__Exercise instructions__
Nothing outside the range is wanted. Repeat exactly the lines below from the one with "metall - Dein" through the one with "malmo_arena_esc2013_entrance_02".

Collected data
----------
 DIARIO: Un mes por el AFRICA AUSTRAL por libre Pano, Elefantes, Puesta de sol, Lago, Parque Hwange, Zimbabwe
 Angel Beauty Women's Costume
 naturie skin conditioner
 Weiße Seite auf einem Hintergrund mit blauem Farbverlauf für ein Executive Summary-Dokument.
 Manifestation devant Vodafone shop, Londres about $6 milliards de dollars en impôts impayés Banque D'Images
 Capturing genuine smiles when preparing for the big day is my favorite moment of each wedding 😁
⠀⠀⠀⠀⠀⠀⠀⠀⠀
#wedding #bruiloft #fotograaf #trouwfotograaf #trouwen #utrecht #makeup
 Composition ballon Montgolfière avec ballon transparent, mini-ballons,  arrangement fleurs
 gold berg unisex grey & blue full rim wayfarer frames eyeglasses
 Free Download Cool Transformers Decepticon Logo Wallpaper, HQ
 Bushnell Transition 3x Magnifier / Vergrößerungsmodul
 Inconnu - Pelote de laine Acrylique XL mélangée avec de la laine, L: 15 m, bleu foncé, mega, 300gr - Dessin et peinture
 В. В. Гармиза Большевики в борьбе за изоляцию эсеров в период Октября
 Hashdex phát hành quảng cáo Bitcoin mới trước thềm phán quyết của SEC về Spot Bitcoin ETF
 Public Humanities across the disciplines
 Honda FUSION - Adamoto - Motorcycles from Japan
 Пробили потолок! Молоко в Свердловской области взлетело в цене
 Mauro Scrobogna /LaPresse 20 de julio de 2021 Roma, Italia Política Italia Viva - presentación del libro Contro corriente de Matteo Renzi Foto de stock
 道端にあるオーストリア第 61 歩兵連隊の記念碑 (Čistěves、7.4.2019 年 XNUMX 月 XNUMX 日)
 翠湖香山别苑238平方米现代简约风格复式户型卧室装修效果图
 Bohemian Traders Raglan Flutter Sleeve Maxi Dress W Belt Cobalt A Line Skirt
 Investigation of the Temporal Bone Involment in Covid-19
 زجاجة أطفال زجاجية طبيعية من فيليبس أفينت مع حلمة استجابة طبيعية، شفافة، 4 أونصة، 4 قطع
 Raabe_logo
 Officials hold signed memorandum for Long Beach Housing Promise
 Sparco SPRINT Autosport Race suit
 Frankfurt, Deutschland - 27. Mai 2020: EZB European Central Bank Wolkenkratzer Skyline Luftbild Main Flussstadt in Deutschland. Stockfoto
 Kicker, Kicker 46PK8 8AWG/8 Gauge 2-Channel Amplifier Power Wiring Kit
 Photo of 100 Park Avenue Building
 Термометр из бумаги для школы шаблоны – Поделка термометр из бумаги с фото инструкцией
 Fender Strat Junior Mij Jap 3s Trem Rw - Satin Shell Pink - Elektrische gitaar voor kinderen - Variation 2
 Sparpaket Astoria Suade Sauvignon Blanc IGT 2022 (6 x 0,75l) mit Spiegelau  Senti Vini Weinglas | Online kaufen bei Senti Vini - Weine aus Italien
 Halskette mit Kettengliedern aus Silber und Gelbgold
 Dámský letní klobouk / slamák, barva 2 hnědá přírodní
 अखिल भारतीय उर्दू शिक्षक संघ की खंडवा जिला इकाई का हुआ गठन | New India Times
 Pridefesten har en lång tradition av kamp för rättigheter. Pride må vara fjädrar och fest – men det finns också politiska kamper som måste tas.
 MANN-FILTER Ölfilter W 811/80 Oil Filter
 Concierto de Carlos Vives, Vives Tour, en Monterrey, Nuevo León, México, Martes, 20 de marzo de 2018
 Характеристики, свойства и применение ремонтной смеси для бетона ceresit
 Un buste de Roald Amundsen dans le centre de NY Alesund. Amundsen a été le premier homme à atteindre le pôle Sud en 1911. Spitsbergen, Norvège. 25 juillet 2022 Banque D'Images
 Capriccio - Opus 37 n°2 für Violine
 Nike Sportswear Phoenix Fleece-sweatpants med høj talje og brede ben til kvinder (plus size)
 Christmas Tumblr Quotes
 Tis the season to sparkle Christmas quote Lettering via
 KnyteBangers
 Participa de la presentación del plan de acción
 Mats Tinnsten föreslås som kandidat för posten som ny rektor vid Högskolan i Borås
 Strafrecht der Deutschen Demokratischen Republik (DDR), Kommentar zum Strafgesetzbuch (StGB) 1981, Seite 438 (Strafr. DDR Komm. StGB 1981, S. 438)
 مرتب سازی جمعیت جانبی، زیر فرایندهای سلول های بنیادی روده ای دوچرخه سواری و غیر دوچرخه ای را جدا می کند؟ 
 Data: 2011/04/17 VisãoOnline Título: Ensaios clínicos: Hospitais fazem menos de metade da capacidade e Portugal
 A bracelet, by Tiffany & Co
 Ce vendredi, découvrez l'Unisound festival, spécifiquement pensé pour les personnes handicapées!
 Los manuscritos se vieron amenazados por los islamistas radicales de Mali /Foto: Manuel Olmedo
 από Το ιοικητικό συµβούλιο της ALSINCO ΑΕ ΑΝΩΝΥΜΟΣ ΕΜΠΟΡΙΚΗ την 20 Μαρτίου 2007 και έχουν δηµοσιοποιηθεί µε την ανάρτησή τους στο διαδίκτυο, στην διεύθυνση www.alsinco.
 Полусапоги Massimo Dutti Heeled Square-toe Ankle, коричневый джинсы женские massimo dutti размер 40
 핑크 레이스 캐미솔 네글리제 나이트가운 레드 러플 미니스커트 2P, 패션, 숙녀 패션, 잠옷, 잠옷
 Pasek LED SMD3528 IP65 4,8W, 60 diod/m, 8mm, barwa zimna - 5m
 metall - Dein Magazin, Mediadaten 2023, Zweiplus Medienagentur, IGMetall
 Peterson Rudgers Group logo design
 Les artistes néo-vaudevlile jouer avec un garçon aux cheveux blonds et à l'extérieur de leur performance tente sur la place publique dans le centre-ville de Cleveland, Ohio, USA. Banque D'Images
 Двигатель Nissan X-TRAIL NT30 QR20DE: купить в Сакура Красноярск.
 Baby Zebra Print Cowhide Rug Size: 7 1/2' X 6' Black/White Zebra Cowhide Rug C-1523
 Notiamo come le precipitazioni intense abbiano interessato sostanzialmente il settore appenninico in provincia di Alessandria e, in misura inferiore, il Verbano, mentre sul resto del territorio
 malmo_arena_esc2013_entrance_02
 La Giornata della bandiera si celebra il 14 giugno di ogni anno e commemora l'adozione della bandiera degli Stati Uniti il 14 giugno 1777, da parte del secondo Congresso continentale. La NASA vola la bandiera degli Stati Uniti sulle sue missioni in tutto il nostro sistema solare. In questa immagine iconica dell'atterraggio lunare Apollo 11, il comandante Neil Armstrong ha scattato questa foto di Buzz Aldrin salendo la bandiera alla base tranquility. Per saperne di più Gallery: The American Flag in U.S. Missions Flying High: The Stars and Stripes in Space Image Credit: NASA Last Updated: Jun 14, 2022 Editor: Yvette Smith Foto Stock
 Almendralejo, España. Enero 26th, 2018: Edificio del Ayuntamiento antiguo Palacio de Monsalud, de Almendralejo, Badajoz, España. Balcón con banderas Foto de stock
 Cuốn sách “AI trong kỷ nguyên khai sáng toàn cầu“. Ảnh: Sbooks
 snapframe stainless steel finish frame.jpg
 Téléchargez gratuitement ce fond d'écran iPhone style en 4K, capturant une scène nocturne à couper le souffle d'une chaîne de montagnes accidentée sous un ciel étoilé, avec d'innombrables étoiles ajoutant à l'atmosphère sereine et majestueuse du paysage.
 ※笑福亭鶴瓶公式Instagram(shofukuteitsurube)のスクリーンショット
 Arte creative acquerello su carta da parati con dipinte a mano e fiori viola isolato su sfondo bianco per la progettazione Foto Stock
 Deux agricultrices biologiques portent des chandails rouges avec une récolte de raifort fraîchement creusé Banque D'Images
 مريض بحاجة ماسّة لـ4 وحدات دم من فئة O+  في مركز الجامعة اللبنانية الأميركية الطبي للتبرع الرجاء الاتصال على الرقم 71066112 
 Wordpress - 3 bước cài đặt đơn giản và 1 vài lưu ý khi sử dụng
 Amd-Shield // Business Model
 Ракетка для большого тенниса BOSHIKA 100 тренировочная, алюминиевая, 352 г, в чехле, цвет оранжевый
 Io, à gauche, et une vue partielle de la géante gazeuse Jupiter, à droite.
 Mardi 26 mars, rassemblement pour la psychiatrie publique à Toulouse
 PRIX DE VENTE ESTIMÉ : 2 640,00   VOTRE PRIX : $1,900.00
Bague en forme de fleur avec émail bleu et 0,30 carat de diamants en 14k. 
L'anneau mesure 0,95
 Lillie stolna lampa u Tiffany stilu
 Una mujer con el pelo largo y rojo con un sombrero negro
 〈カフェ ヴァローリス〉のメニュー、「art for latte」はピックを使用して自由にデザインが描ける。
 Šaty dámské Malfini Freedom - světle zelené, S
----------
__Solution__
 metall - Dein Magazin, Mediadaten 2023, Zweiplus Medienagentur, IGMetall
 Peterson Rudgers Group logo design
 Les artistes néo-vaudevlile jouer avec un garçon aux cheveux blonds et à l'extérieur de leur performance tente sur la place publique dans le centre-ville de Cleveland, Ohio, USA. Banque D'Images
 Двигатель Nissan X-TRAIL NT30 QR20DE: купить в Сакура Красноярск.
 Baby Zebra Print Cowhide Rug Size: 7 1/2' X 6' Black/White Zebra Cowhide Rug C-1523
 Notiamo come le precipitazioni intense abbiano interessato sostanzialmente il settore appenninico in provincia di Alessandria e, in misura inferiore, il Verbano, mentre sul resto del territorio
 malmo_arena_esc2013_entrance_02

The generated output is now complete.